Our patients with CCS were first treated with prednisolone. No clinical response was noted, and treatment with CyA was initiated. After beginning CyA treatment, both clinical symptoms and polyposis markedly improved. Up to the present, 55 cases of CCS treated with corticosteroids and their response were reported. Out of the 57 patients, including our 2 cases, 9 (16 %) did not respond clinically to corticosteroids. In 7 of the 9 steroid-resistant cases, the prognosis after corticosteroids treatment was described. In 5 of the 7 steroid-resistant cases, immunosuppressive treatments induced remission. In 4 of these 5 cases, moreover, the key drug of treatments was calcineurin inhibitor.
Treatment with calcineurin inhibitor, such as CyA, could be a potential option for steroid-resistant CCS.
Cronkhite-Canada syndrome (CCS), first reported by Cronkhite and Canada in 1955 , is a rare non-inherited disorder characterized by gastrointestinal polyposis accompanied by malabsorption and ectodermal changes, such as alopecia, onychodystrophy, and hyperpigmentation.

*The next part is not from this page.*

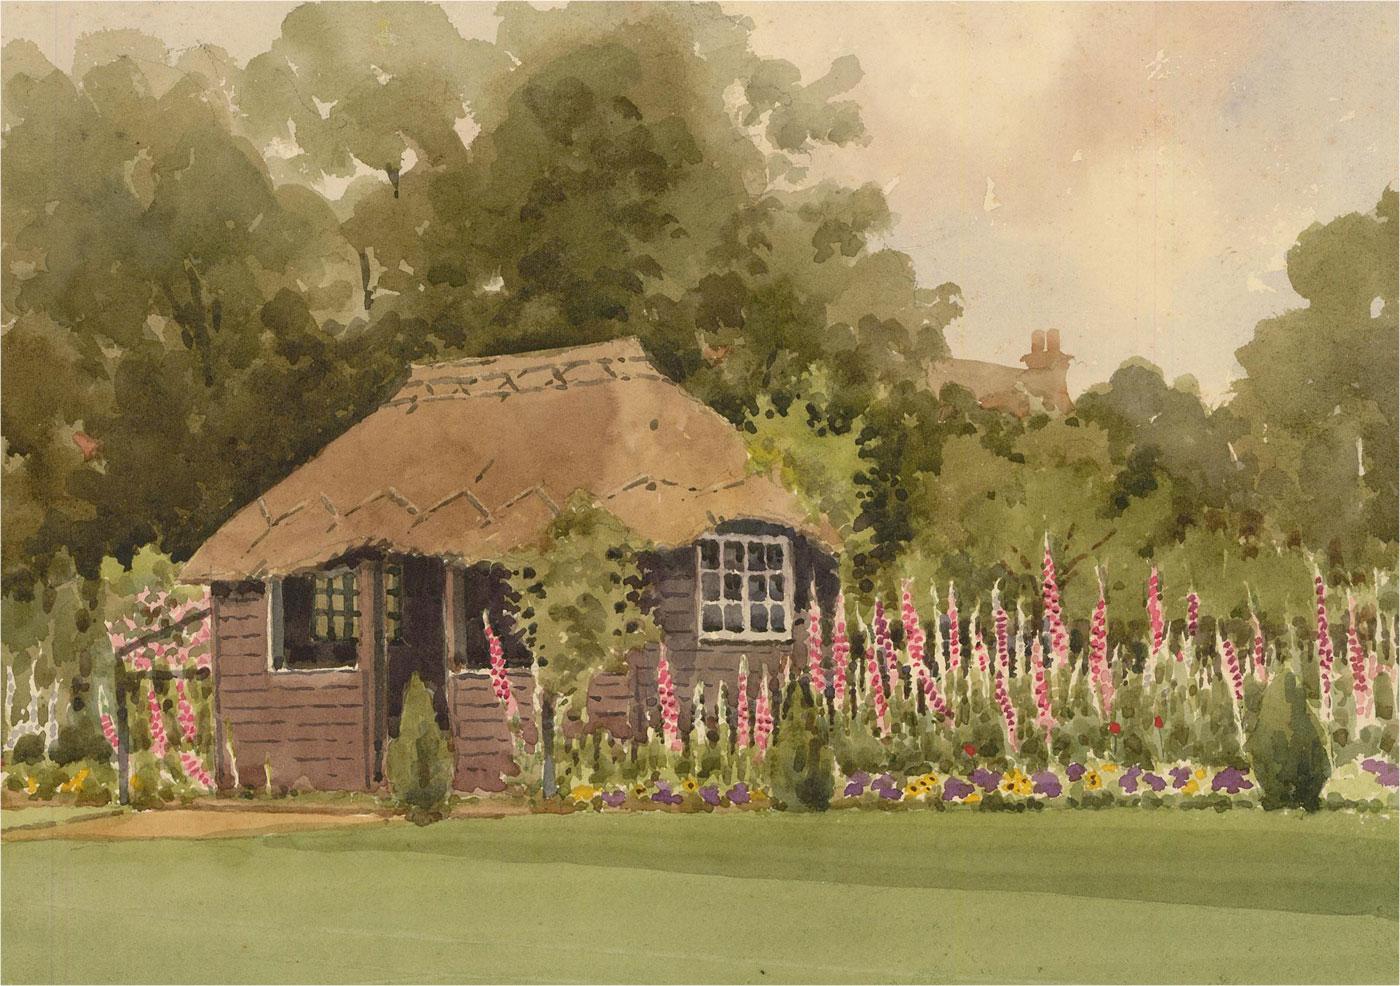 Raymond Turner Barker (1872-1945) - Early 20th Century Watercolour, Garden Scene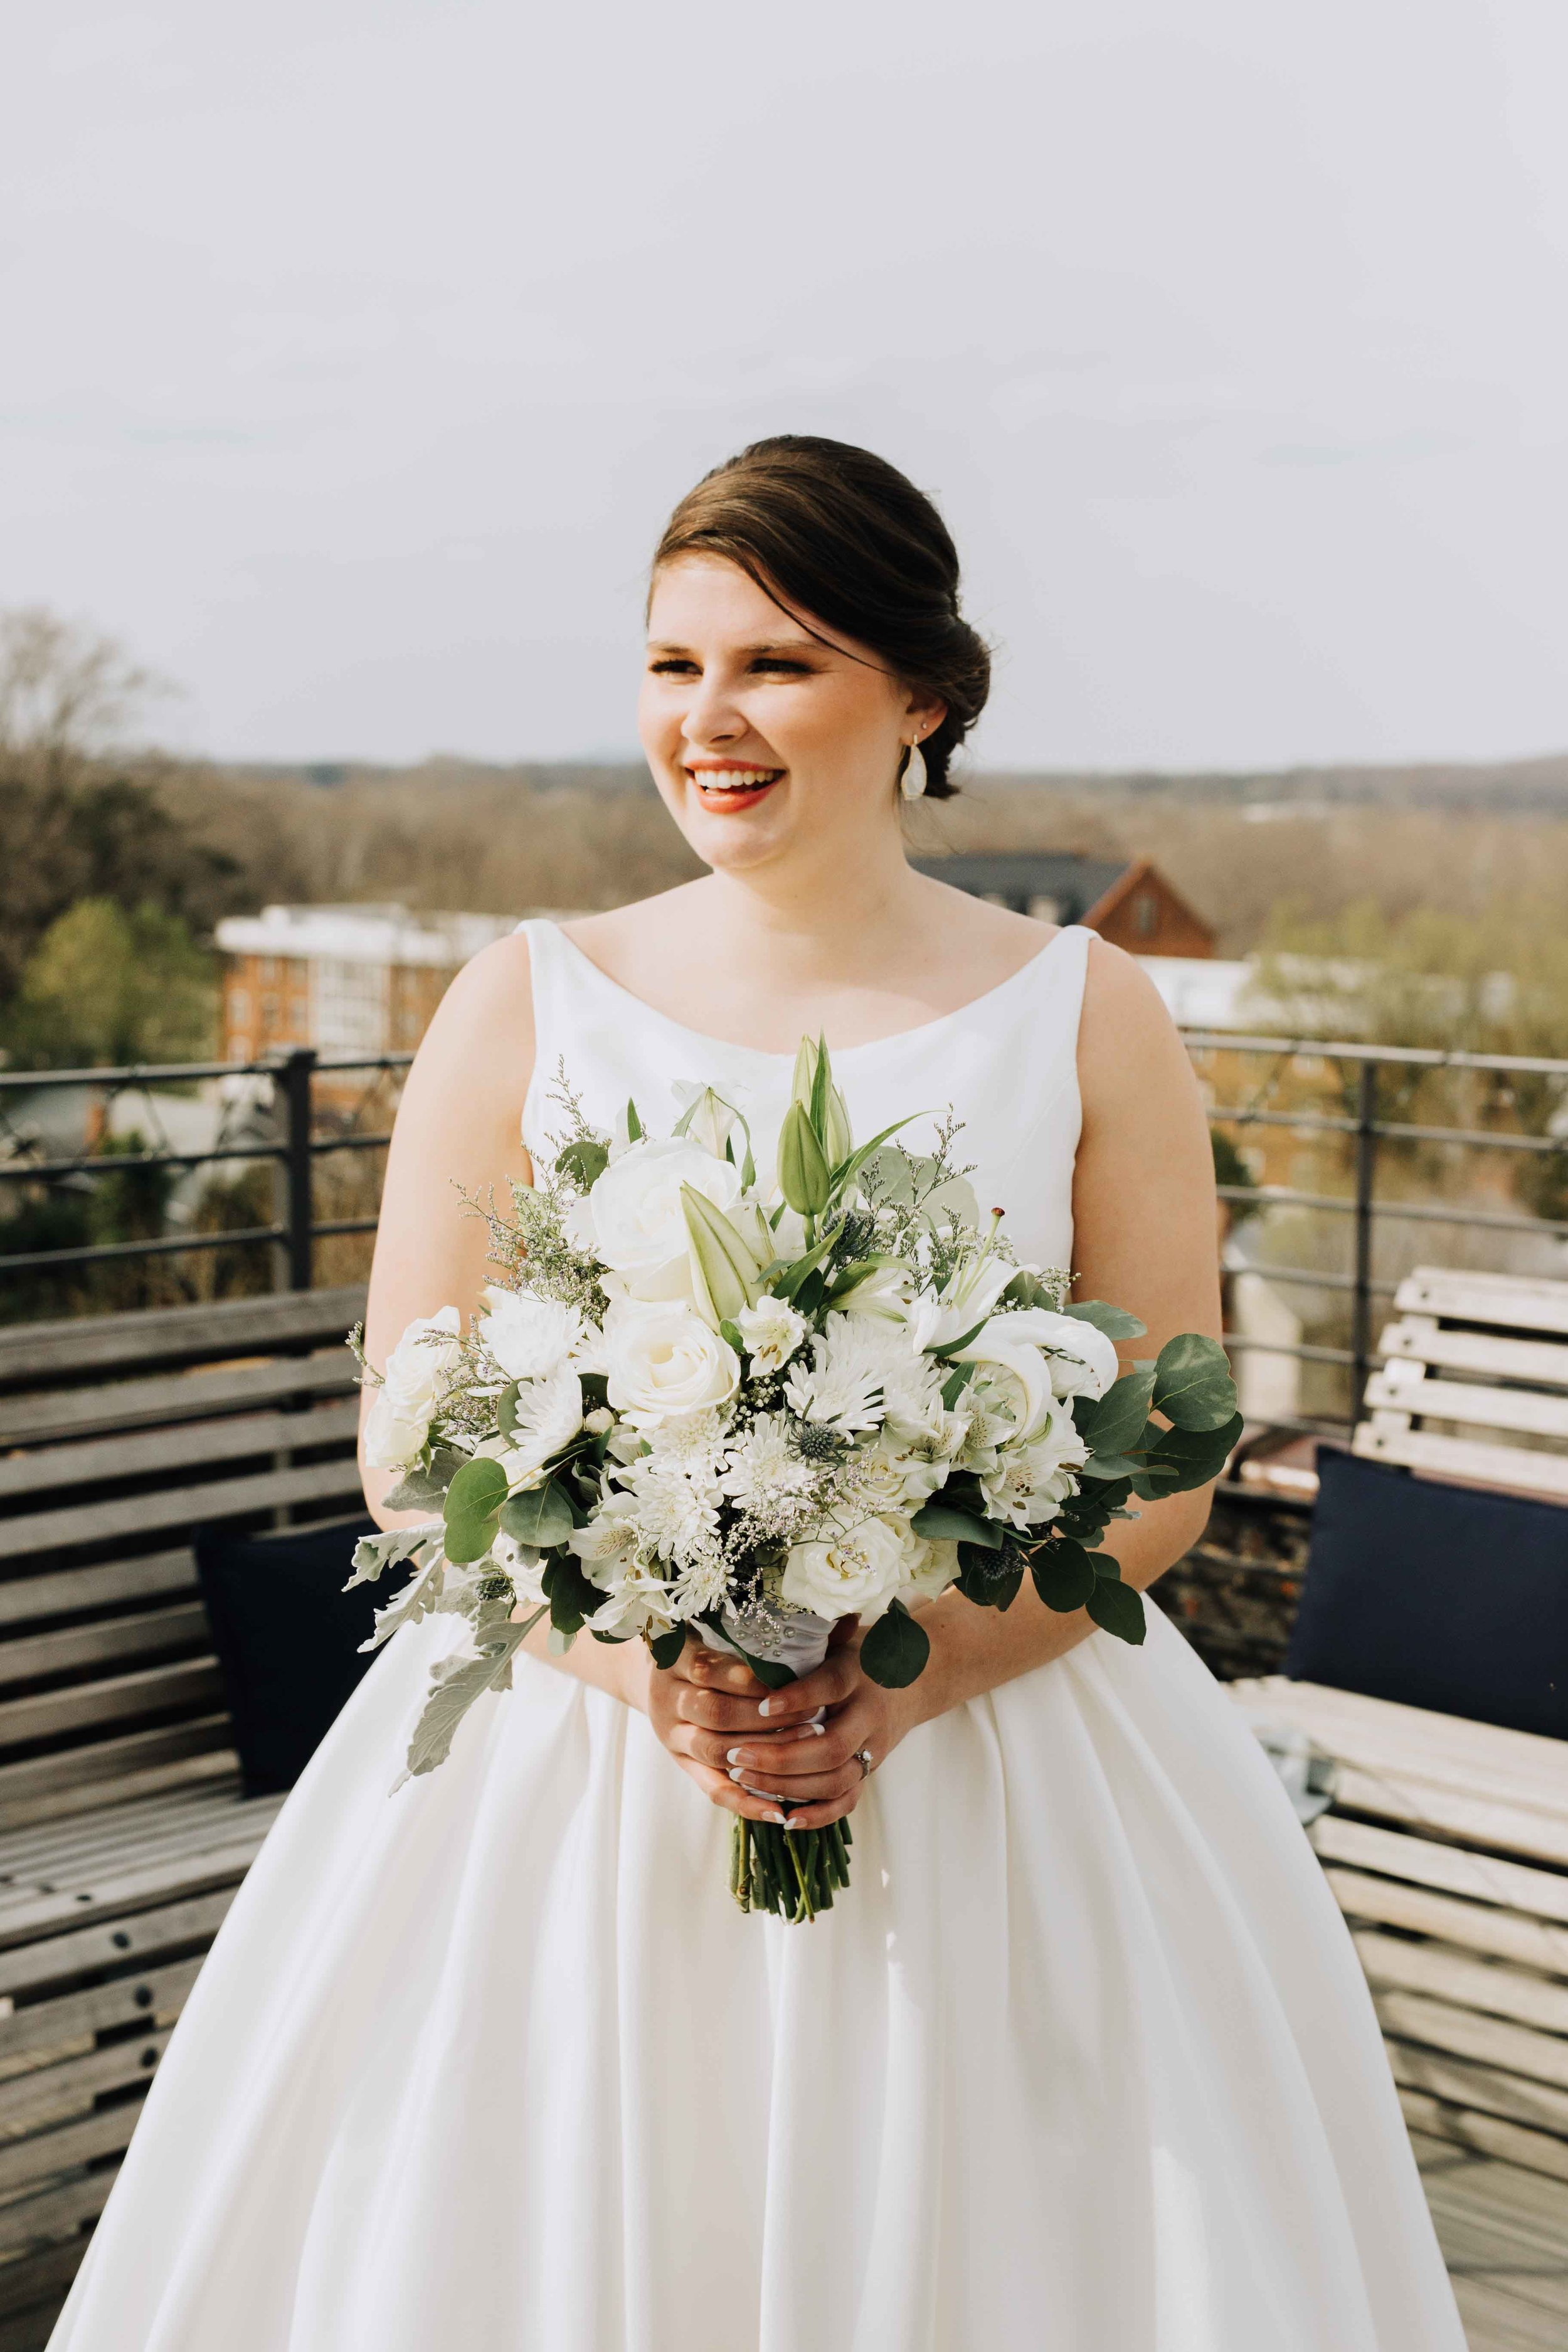 Farmville-Virginia-Wedding-Hotel-Weynoke-Downtown-Jacqueline-Waters-Photography-Detailed- (357).jpg

The pathophysiology of CCS remains unclear, despite many previous reports [1–5]. Because corticosteroid treatment for CCS is reported to be highly effective, it is considered the mainstay treatment for CCS. A recent study demonstrated the expression of autoimmune-related IgG4 antibody in CCS polyps . The histological findings and response to immunosuppressive treatments suggested that immune response played an important role in the pathophysiology of CCS, and that a part of CCS might be one of IgG4-related disease. Although approximately 90 % of patients with CCS respond to corticosteroids, however, the remaining patients are refractory to corticosteroid treatment . The therapeutic strategy for steroid-resistant CCS is not yet established. Here we report two cases with steroid-resistant CCS that were effectively treated with cyclosporine (CyA).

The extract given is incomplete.